Normalizing salt content by mixing native human airway mucus samples normalizes sample rheology

• Published in: Frontiers in physiology Vol. 14; p. 1111647
• Main Authors: Markovetz, Matthew R., Hibbard, Jacob E., Plott, Lucas M., Bacudio, Lawrence G., Kissner, William J., Ghio, Andrew, Kumar, Priya A., Arora, Harendra, Hill, David B.
• Format: Journal Article
• Language: English
• Published: Switzerland Frontiers Media S.A 10.03.2023
• Subjects: airway physiology; muco-obstructive pulmonary diseases; mucus; mucus rheology; particle tracking microrheology; Physiology; particle tracking microrheology; muco-obstructive pulmonary diseases; mucus rheology; airway physiology; mucus
• ISSN: 1664-042X; 1664-042X
• DOI: 10.3389/fphys.2023.1111647

Across the globe, millions of people are affected by muco-obstructive pulmonary diseases like cystic fibrosis, asthma, and chronic obstructive pulmonary disease.
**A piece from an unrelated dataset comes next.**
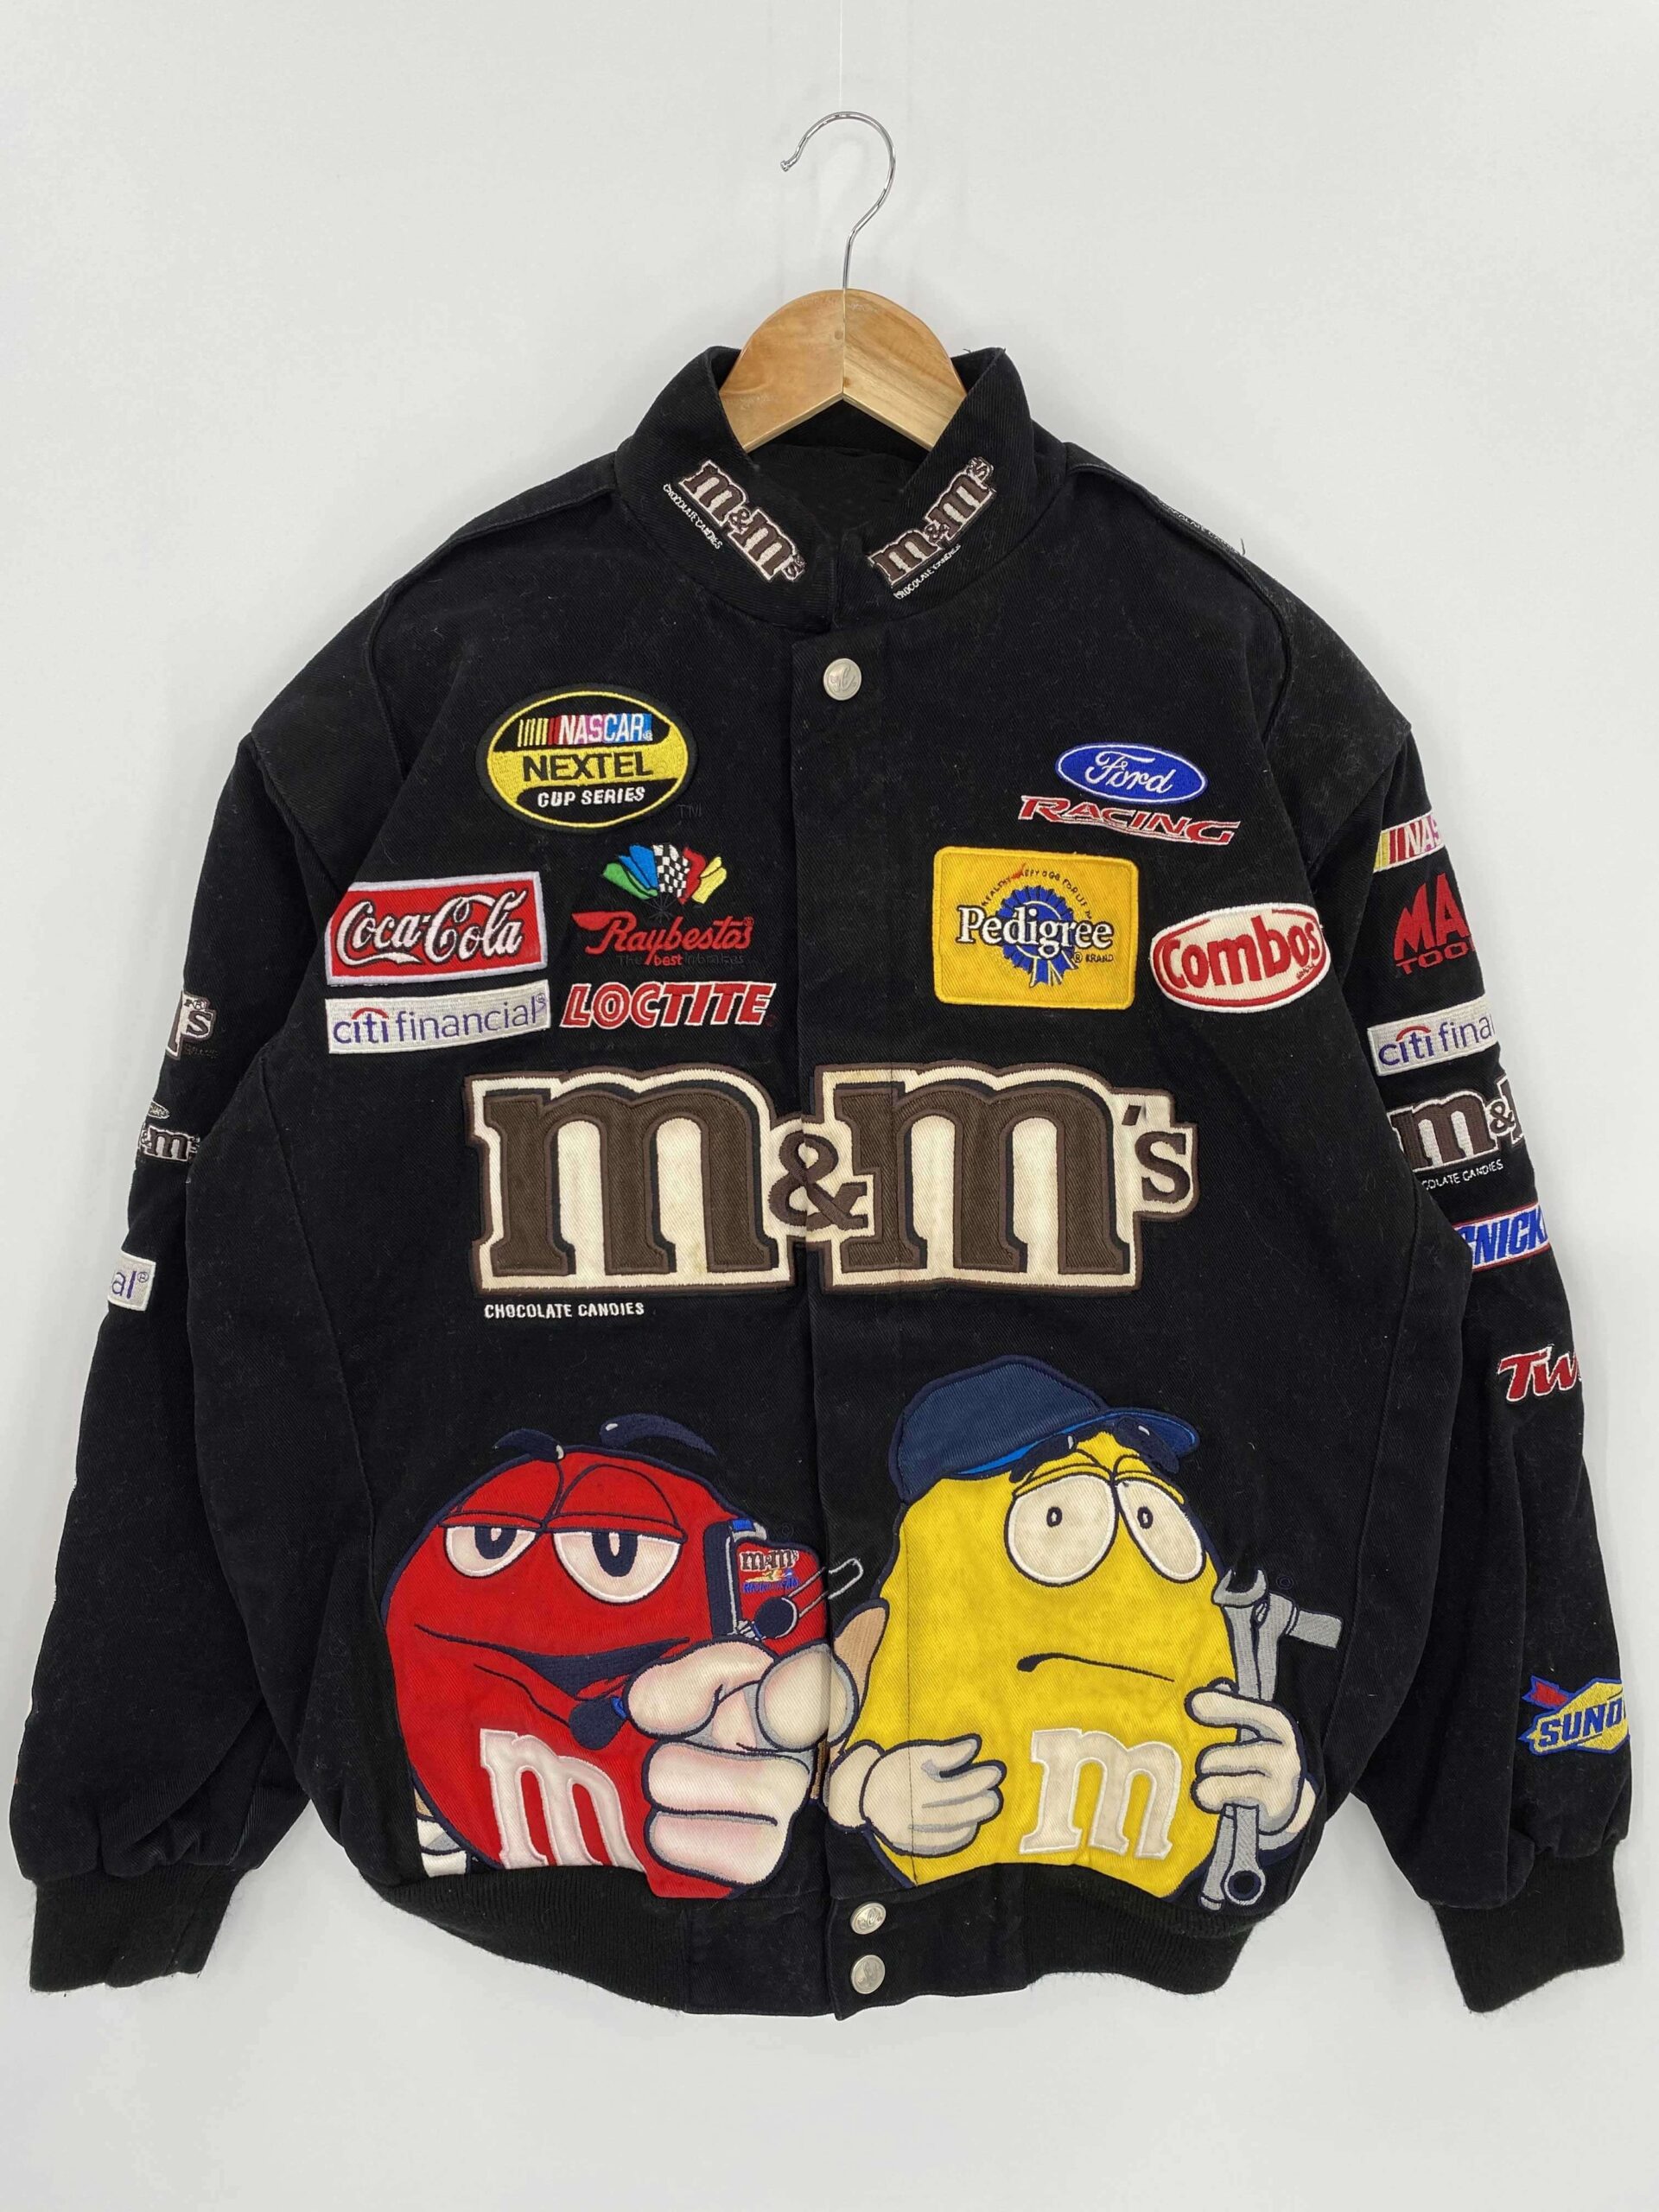 Black Vintage NASCAR M&M’s Racing Jacket - Maker of Jacket

In MOPDs, the airway mucus becomes hyperconcentrated, increasing viscoelasticity and impairing mucus clearance. Research focused on treatment of MOPDs requires relevant sources of airway mucus both as a control sample type and as a basis for manipulation to study the effects of additional hyperconcentration, inflammatory milieu, and biofilm growth on the biochemical and biophysical properties of mucus. Endotracheal tube mucus has been identified as a prospective source of native airway mucus given its several advantages over sputum and airway cell culture mucus such as ease of access and in vivo production that includes surface airway and submucosal gland secretions. Still, many ETT samples suffer from altered tonicity and composition from either dehydration, salivary dilution, or other contamination. Herein, the biochemical compositions of ETT mucus from healthy human subjects were determined. Samples were characterized in terms of tonicity, pooled, and restored to normal tonicity. Salt-normalized ETT mucus exhibited similar concentration-dependent rheologic properties as originally isotonic mucus. This rheology agreed across spatial scales and with previous reports of the biophysics of ETT mucus. This work affirms previous reports of the importance of salt concentration on mucus rheology and presents methodology to increase yield native airway mucus samples for laboratory use and manipulation.